Two rRNA genes encoding for the small ribosomal subunit (12 S) and large ribosomal subunit (16 S) were positioned between trnF and trnV genes, and between trnV and trnL2 genes, respectively. The lengths for the 12 S and 16 S rRNAs were 962 bp and 1572 bp, respectively.
3.6. Overlapping and Intergenic Regions
The Vietnamese Central Highland Sus scrofa mitogenome had nine overlapping sequences among all the genes, with a total length of 76 bp, ranging from 1 bp to 43 bp in length (Table 1). The overlaps were located on both the H strand and L strand, four of which resided within the PCGs, and the remaining were observed between the tRNA and rRNA genes. Notably, the overlap between the trnV and rrnL (2 bp) was uniquely identified in the Vietnamese Central Highland Sus scrofa. The 1 bp overlap between trnV and rrnS (1 bp) was also found in I pig [18], whereas the other overlapping regions are commonly present in other Sus scrofa mitogenomes, with the longest observed between atp8 and atp6 (43 bp).

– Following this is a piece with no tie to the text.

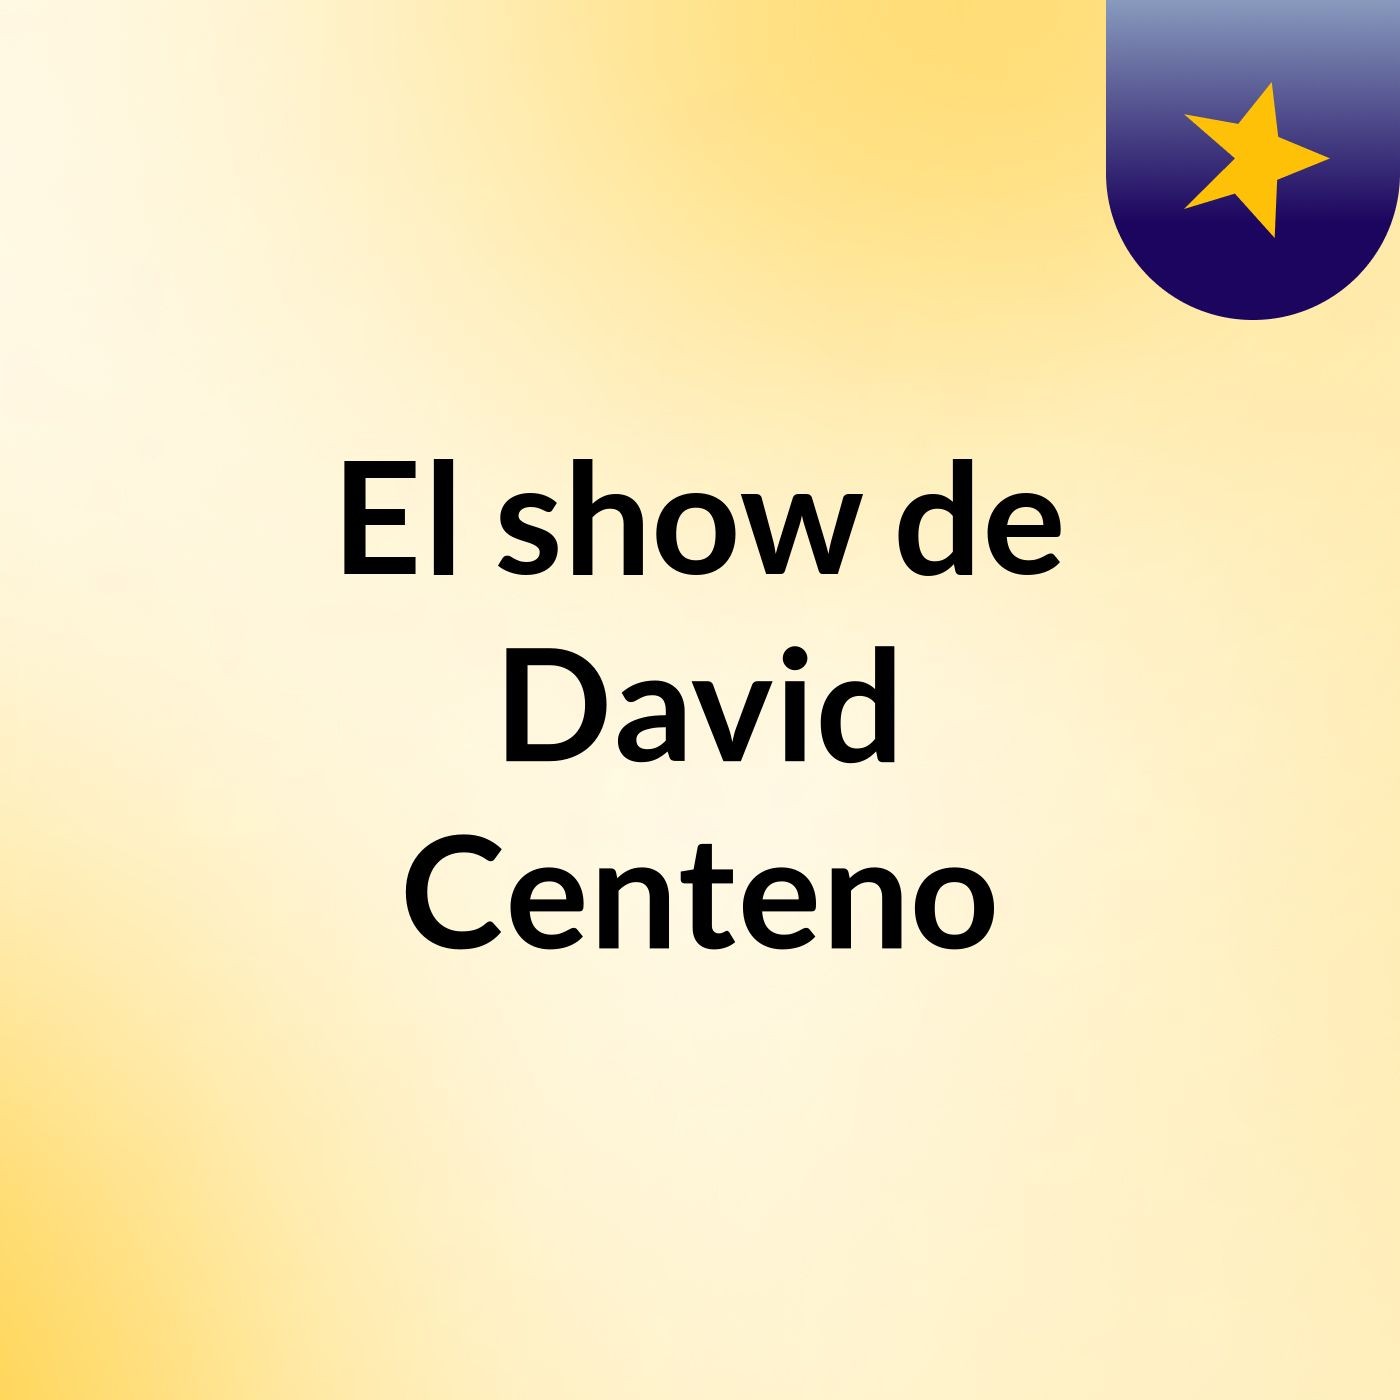 El show de David Centeno

There are 10 intergenic spaces among all genes, ranging from 1 bp to 32 bp and making up a total of 58 bp (Table 1). The longest space (32 bp) was located between trnN and trnC, as typically observed in other wild boars and pig breeds.
3.7. Mutations
A comparative analysis of 13-PCG concatenated sequences of Vietnamese Central Highland wild boar and 19 other Sus scrofa revealed 232 polymorphic sites, resulting in 51 amino acid substitutions (Supplementary Tables S5 and S6). The Vietnamese Central Highland Sus scrofa and Asian Sus scrofa shared an almost similar amino acid profile, while some variations were only present in European Sus scrofa. No amino acid alteration was unique to the Vietnamese Central Highland Sus scrofa, although three mutations at 1461, 4577, and 8367 positions were found only in the Vietnamese Central Highland wild boar, Dong Khe pig breed, and Ha Lang pig breed, which are of Vietnamese origin. The Vietnamese Central Highland wild boar differed from the Vietnamese wild boar in 13 nucleotides, resulting in 2 amino acid changes.
Further evaluation in partial cytochrome b sequences of 8 Vietnamese wild boars (7 of which were collected from the Central Highlands) revealed 15 variable positions, representing 3.11% of the total length of the DNA sequences analyzed (Supplementary Table S7).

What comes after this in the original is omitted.